──────── PROVIDED INFORMATION

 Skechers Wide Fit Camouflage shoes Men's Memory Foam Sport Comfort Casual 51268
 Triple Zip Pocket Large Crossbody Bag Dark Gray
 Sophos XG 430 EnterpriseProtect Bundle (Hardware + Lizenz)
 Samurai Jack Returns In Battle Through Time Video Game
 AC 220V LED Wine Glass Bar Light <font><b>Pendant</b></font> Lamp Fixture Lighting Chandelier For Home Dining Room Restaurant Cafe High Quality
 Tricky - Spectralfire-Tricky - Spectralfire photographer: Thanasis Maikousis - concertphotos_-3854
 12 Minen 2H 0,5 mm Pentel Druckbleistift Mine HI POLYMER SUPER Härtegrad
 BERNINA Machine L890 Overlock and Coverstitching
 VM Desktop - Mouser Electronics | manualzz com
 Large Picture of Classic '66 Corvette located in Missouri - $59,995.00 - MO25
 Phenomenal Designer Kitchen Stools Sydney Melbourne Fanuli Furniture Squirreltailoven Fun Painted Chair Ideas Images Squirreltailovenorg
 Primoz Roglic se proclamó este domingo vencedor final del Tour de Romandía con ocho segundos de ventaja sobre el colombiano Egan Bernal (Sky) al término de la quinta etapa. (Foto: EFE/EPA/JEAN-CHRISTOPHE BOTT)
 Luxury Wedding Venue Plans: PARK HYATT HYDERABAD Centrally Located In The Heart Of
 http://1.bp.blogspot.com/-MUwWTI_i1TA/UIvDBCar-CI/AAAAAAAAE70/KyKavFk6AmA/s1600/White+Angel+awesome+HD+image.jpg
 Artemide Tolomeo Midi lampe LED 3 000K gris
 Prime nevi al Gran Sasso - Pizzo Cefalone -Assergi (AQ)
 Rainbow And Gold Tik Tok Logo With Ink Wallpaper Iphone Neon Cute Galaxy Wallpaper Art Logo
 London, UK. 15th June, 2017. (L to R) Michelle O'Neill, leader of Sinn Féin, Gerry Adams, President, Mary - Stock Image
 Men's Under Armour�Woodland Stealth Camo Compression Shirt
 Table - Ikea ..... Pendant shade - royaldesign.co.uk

────────────────

_YOUR OBJECTIVE_:
Print each record again. Nothing may be left out.

_RESULT FOR THIS TASK_:
 Skechers Wide Fit Camouflage shoes Men's Memory Foam Sport Comfort Casual 51268
 Triple Zip Pocket Large Crossbody Bag Dark Gray
 Sophos XG 430 EnterpriseProtect Bundle (Hardware + Lizenz)
 Samurai Jack Returns In Battle Through Time Video Game
 AC 220V LED Wine Glass Bar Light <font><b>Pendant</b></font> Lamp Fixture Lighting Chandelier For Home Dining Room Restaurant Cafe High Quality
 Tricky - Spectralfire-Tricky - Spectralfire photographer: Thanasis Maikousis - concertphotos_-3854
 12 Minen 2H 0,5 mm Pentel Druckbleistift Mine HI POLYMER SUPER Härtegrad
 BERNINA Machine L890 Overlock and Coverstitching
 VM Desktop - Mouser Electronics | manualzz com
 Large Picture of Classic '66 Corvette located in Missouri - $59,995.00 - MO25
 Phenomenal Designer Kitchen Stools Sydney Melbourne Fanuli Furniture Squirreltailoven Fun Painted Chair Ideas Images Squirreltailovenorg
 Primoz Roglic se proclamó este domingo vencedor final del Tour de Romandía con ocho segundos de ventaja sobre el colombiano Egan Bernal (Sky) al término de la quinta etapa. (Foto: EFE/EPA/JEAN-CHRISTOPHE BOTT)
 Luxury Wedding Venue Plans: PARK HYATT HYDERABAD Centrally Located In The Heart Of
 http://1.bp.blogspot.com/-MUwWTI_i1TA/UIvDBCar-CI/AAAAAAAAE70/KyKavFk6AmA/s1600/White+Angel+awesome+HD+image.jpg
 Artemide Tolomeo Midi lampe LED 3 000K gris
 Prime nevi al Gran Sasso - Pizzo Cefalone -Assergi (AQ)
 Rainbow And Gold Tik Tok Logo With Ink Wallpaper Iphone Neon Cute Galaxy Wallpaper Art Logo
 London, UK. 15th June, 2017. (L to R) Michelle O'Neill, leader of Sinn Féin, Gerry Adams, President, Mary - Stock Image
 Men's Under Armour�Woodland Stealth Camo Compression Shirt
 Table - Ikea ..... Pendant shade - royaldesign.co.uk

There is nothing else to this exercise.